Ибрагимов берет «шаблон» романтизма и прикладывает его к творчеству трех поэтов. С. Рамиев — «ортодоксальный» представитель романтизма в татарской поэзии, в его стихотворениях можно найти все те качества, которые хочет видеть наш критик. Следовательно, перед нами настоящий поэт. Подходит!

Тот же «шаблон» кладется на творчество Дердмэнда. Ему тоже присуще большинство упомянутых качеств. Вдобавок стихи у него тонкие, изящные, изысканные. Снова подходит!

Очередь за Тукаем. И так пробует наш критик и эдак. Нет, не влезает, не накладывается, и там выпирает, и тут. Вместо пламенных чувств и переживаний у Тукая — мораль и увещевания (Ибрагимов приводит примеры в основном из начального периода творчества Тукая). В них не найдешь красивых описаний природы. А начнет говорить о любви, встречаются отдельные удачные строки, но самой любви-то и нет. Вроде начинает серьезно, а потом все сводит к шутке.
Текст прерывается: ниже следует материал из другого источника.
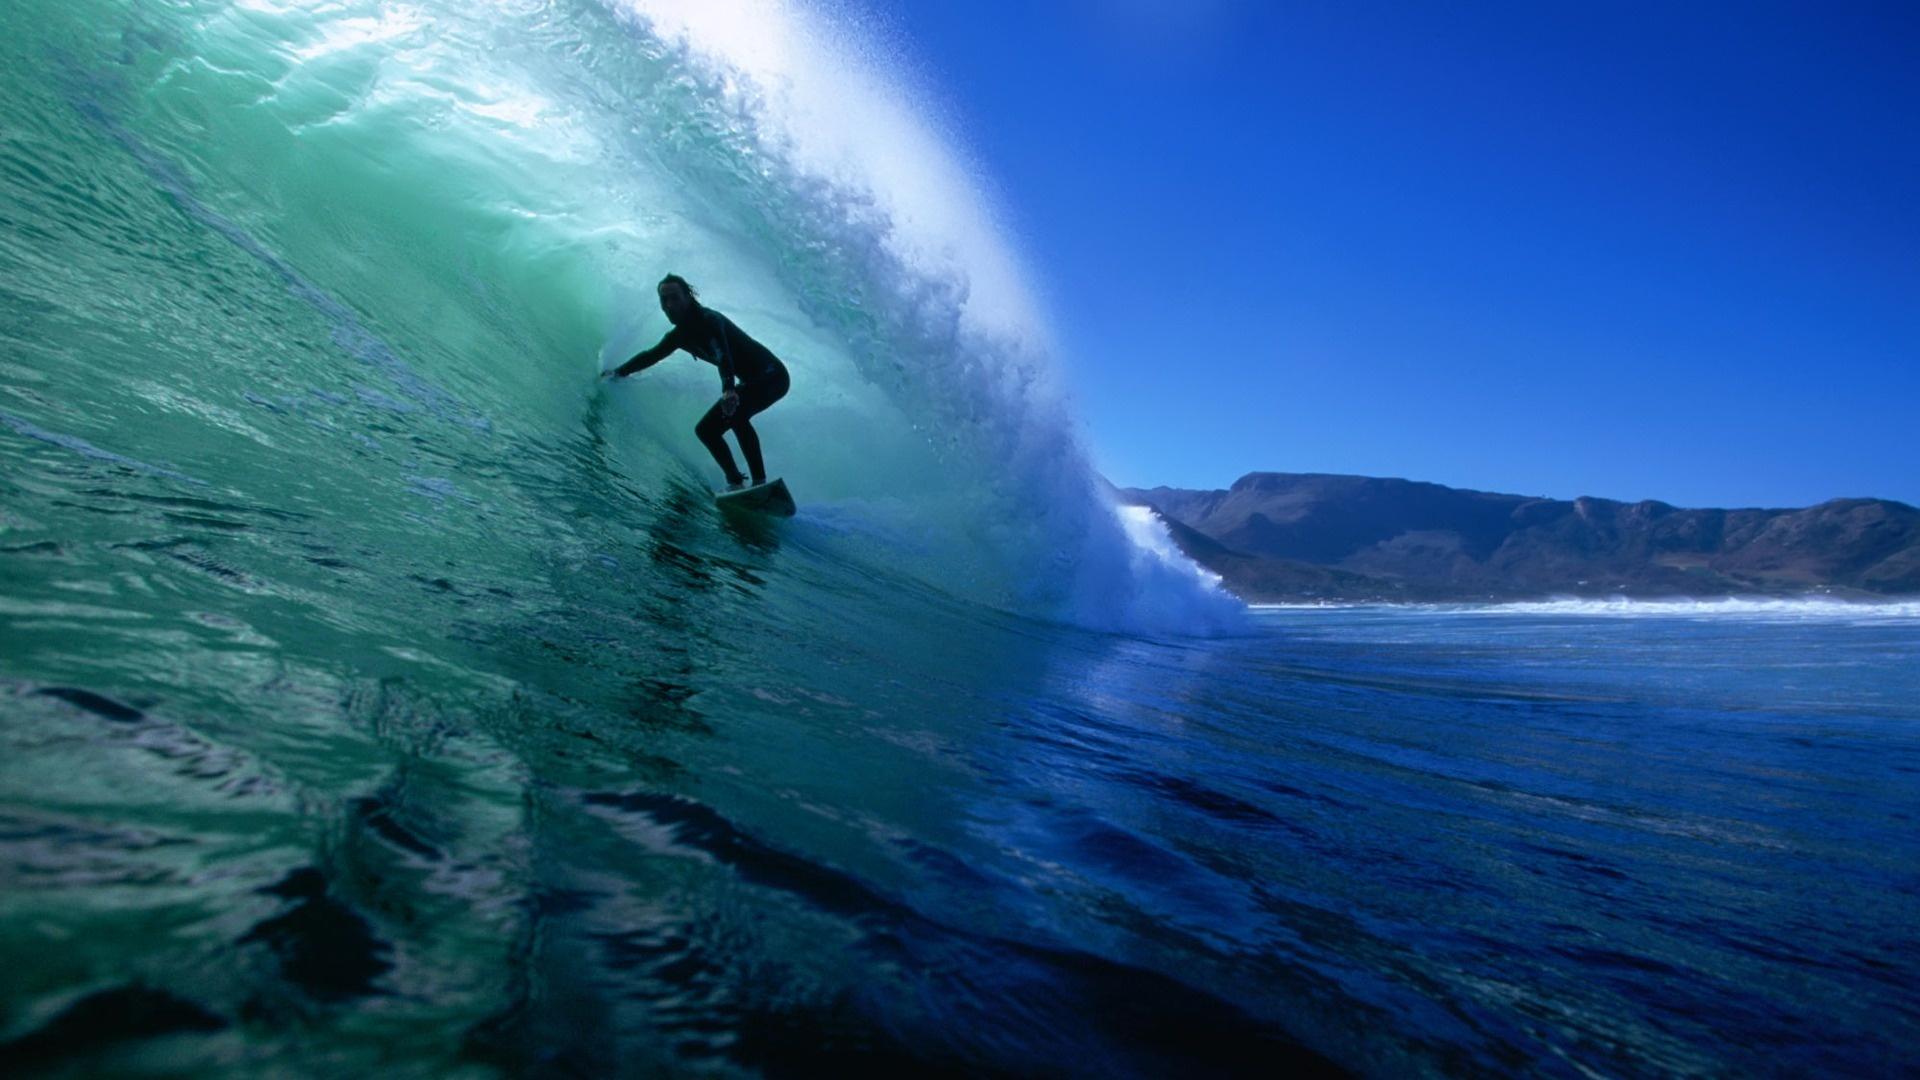 surfing wallpaper cool desktop background share this cool desktop 1920x1080

Это бы еще полбеды. Тукаю, по мнению критика, присущи куда большие недостатки. Истинный поэт должен, по Белинскому, открывать читателю новый мир чувств и мыслей, пересоздавать жизнь по своему идеалу. А Тукай? «Что думает народ в данный период, что он чувствует, о чем пописывает, то же самое думает и чувствует Тукай. Свои впечатления, свои мысли и чувства народ может найти у Тукаева. А это с точки зрения поэтических способностей и сил не столь уж похвально». Можно ли найти лучшую цитату, чтобы обвинить Ибрагимова в приверженности к «чистому искусству»?!
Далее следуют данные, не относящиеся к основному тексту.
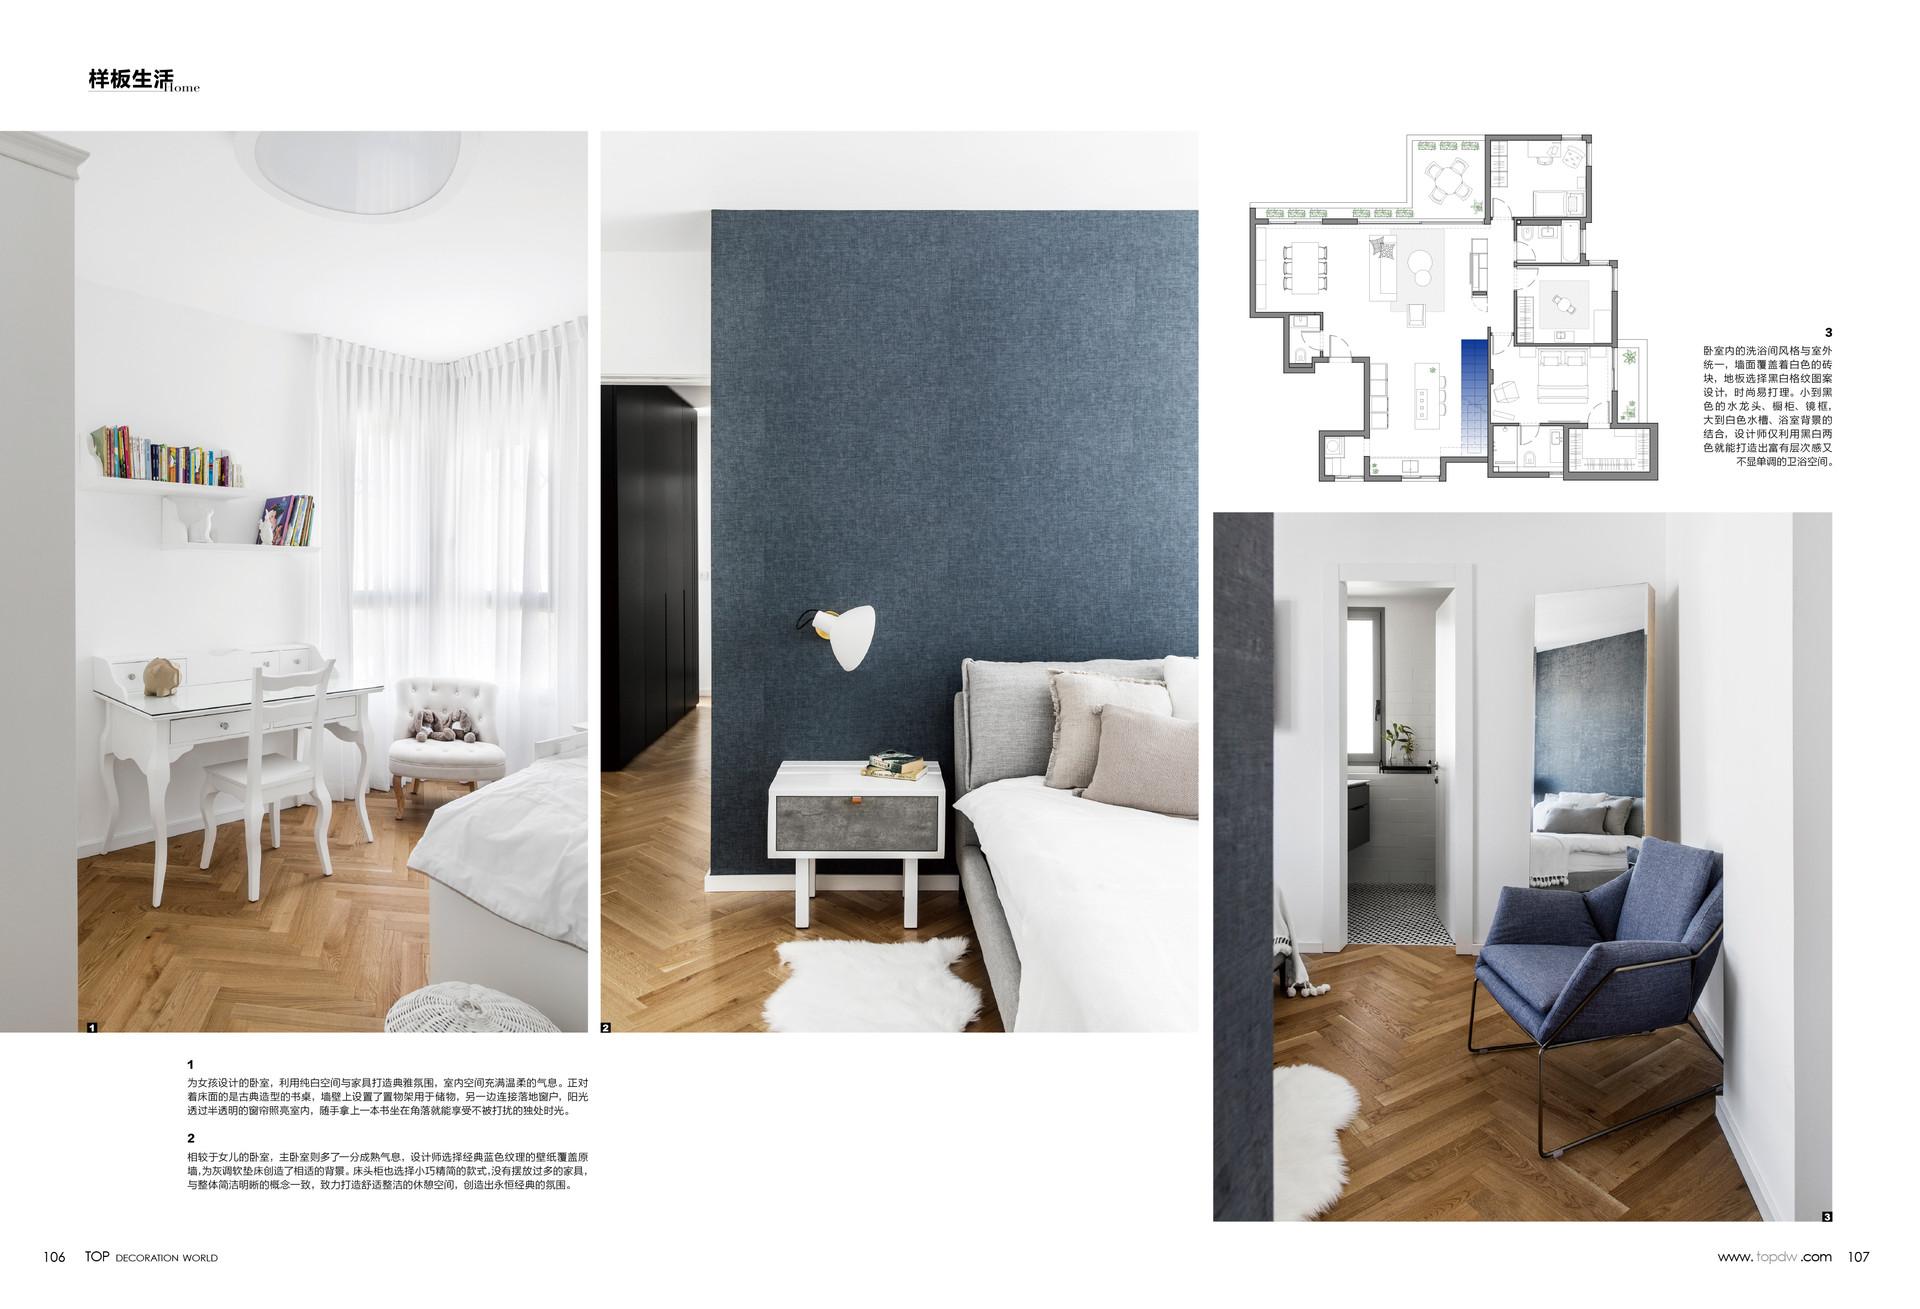 Top Decoration World magazine --April is

Справедливости ради надо, однако, сказать: Ибрагимов в своем творчестве отнюдь пе был сторонником «искусства для искусства». Употребив слово «народ», он явно имел в виду не трудящихся, а «пишущую братию» («...о чем пописывает»), мнение которой якобы довлело над Тукаем. Все дело в том, что Ибрагимов, как было сказано, подходил к поэзии с меркой романтизма.

Тукай, сумевший разглядеть поэзию в валенках, онучах и лаптях, воспевавший картофель, действительно был реалистом, хотя стал им не сразу. В последний период его реализм впитал в себя и некоторые положительные качества романтизма, поднялся на новую, более высокую ступень. Нельзя не согласиться со следующими словами из рецензии Дж. Валиди на книгу «Татарские поэты»: «Тукаев творил свои стихи не для Аполлона и его поклонников на земле. Он творил вместе с народом, для народа и из сердца народного... Поэтому он никогда не сможет стать идолом для нескольких десятков приверженцев искусства для искусства. Он будет светить народным массам, насчитывающим тысячи, сотни тысяч людей».
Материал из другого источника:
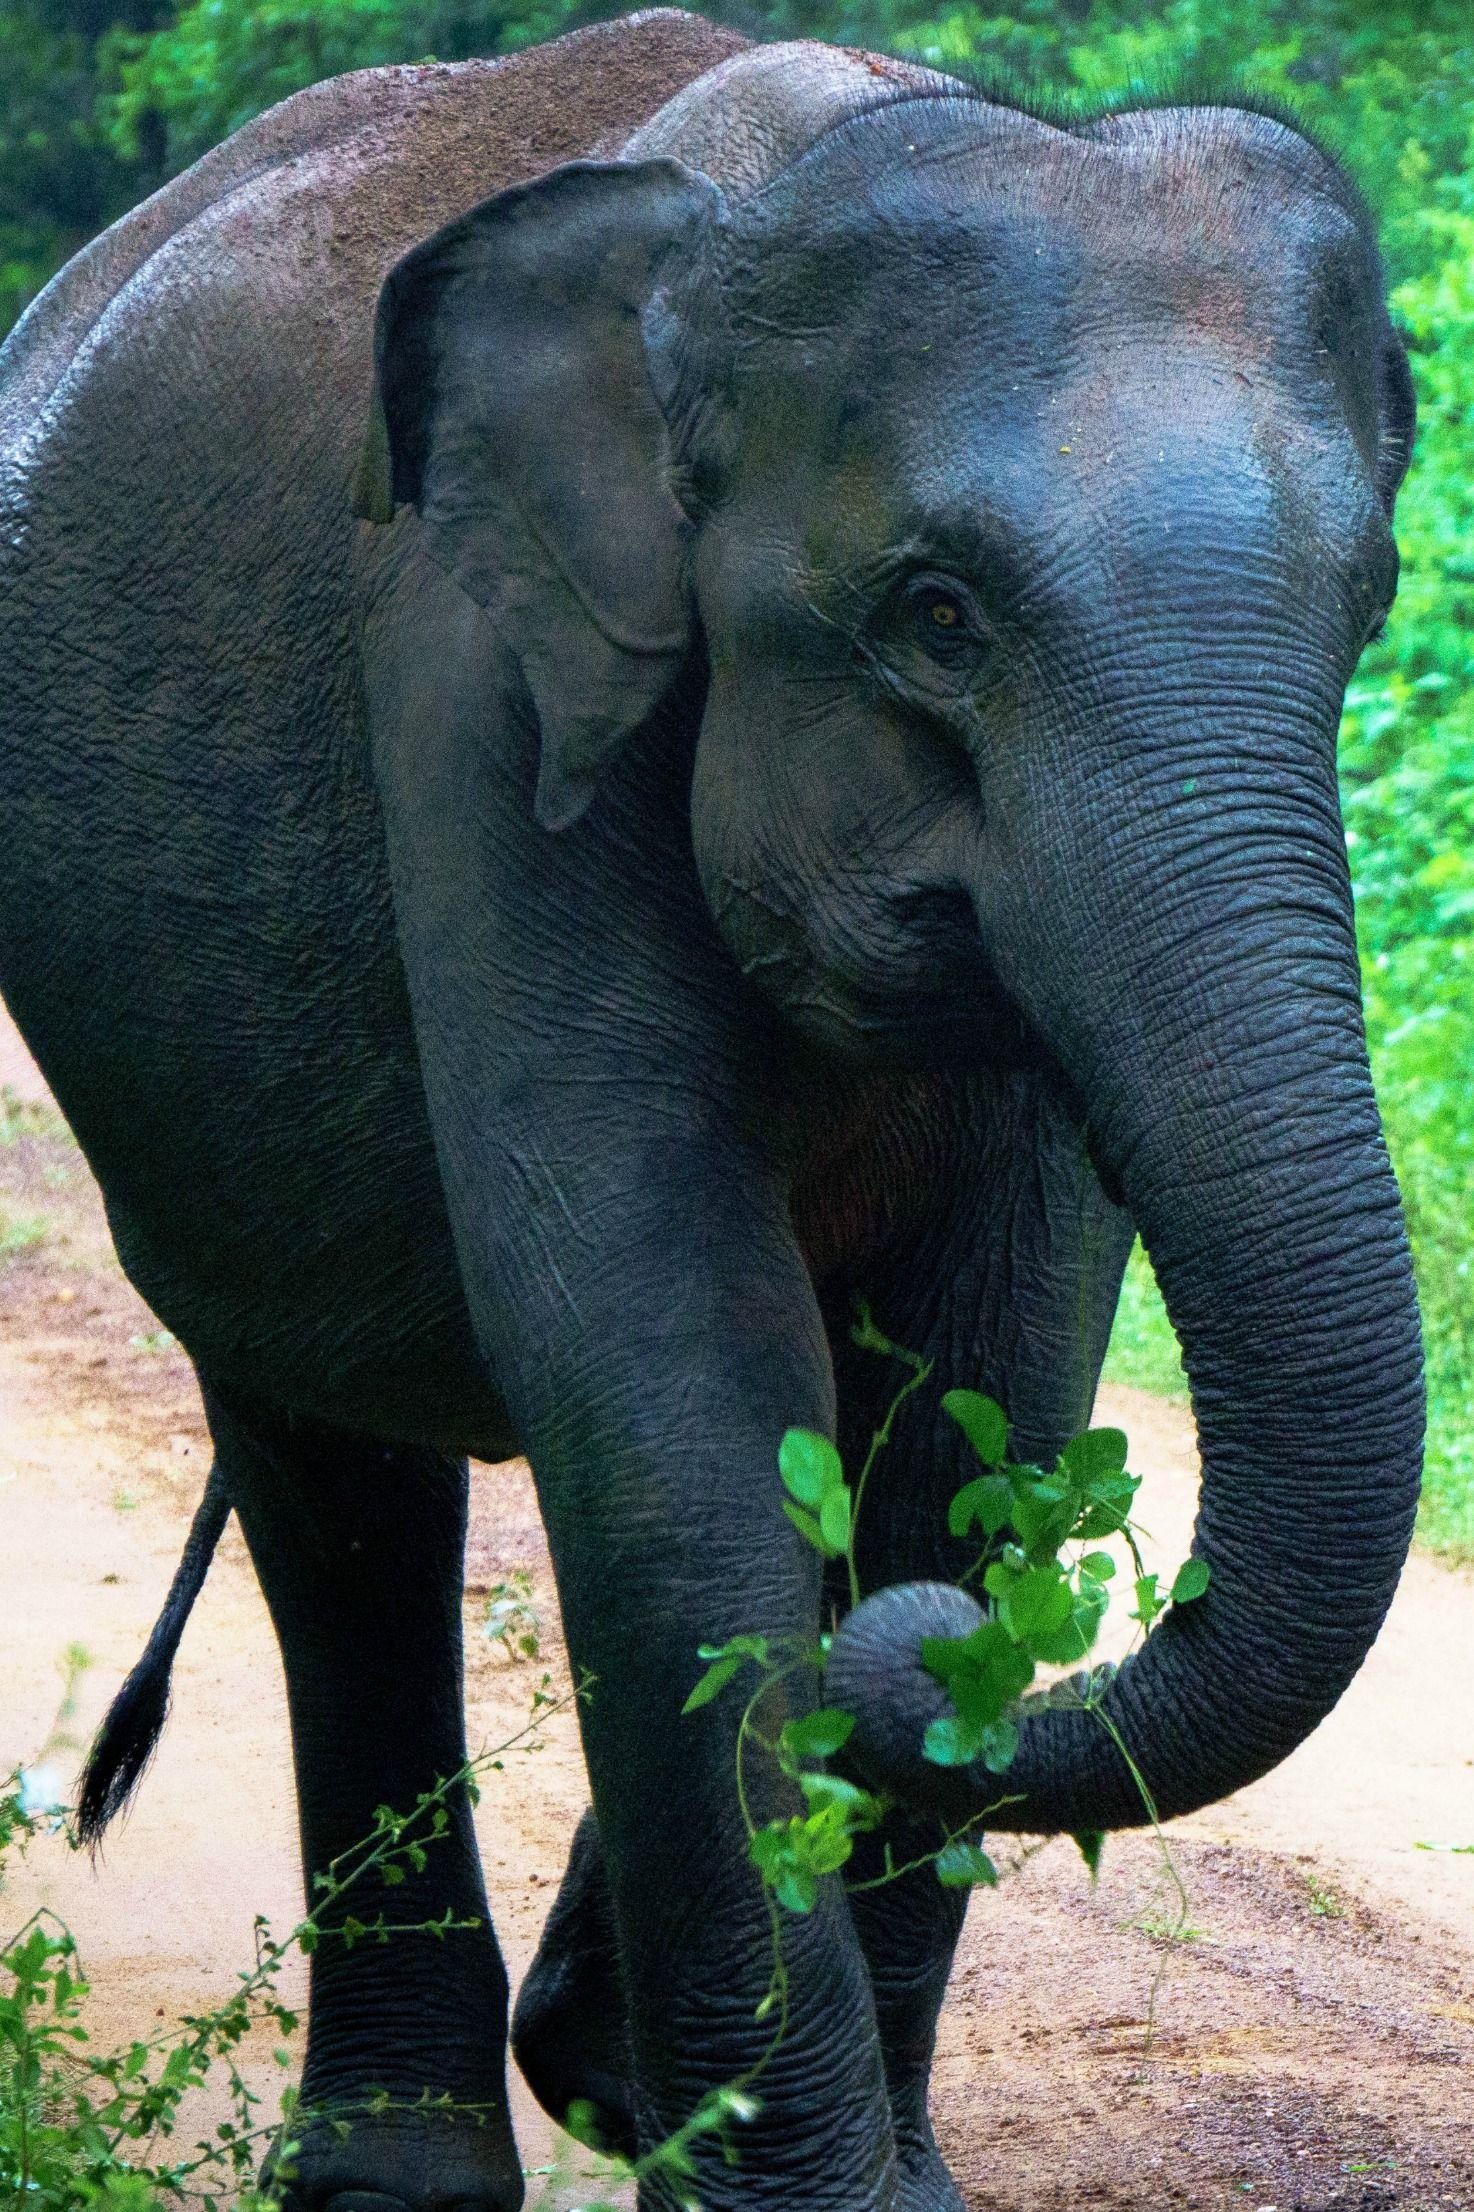 On Safari at Yala National Park, Sri Lanka

Как отвечал Ибрагимову Тукай?

Не претендуя на роль теоретика, он в отличие от Ибрагимова не аргументировал, не обосновывал свою позицию доводами логики, а старался в фельетонах довести доводы критика и его манеру выражаться до абсурда, чтобы выявить их несостоятельность и представить противника в смешном виде.

Так, в очерке «Возвращение в Казань» он замечает: «Довольно, кончаю писать стихи. Ибо давно уже один «критик», вероятно, в поисках жира для своих волос, сравнил меня с угаснувшей свечой. Кончилось, видимо, бросовое масло в конторе покойного Махмут-бая!»

В сатирическом стихотворении «Критик», напечатанном в журнале «Ялт-юлт» рядом с карикатурой, изображавшей руку Габди (псевдоним Г. Ибрагимова. — И.Н.), которая держит лошадь за хвост, поэт говорит, что критики ему не дают покоя. Особенно один из них.

— Где вода? — ветряк увидев, он вопит на целый свет. А на мельничной плотине негодует: — Пара нет! Конский хвост берет и судит: — Эти волосы длинны И по всем законам формы на башке расти должны! Пахарь пашет. — Землю портит! — начинает он кричать. — Как такое безобразье не заметила печать? — Как распух! — он причитает, у овцы узрев курдюк. — Русскому врачу татарин — злейший враг! — твердит мой друг.

Народность для поэзии Тукая то же самое, что вода для водяной, а ветер для ветряной мельницы. И ставить ее в упрек поэту — занятие столь же бессмысленное, как обвинять «пахаря в порче земли».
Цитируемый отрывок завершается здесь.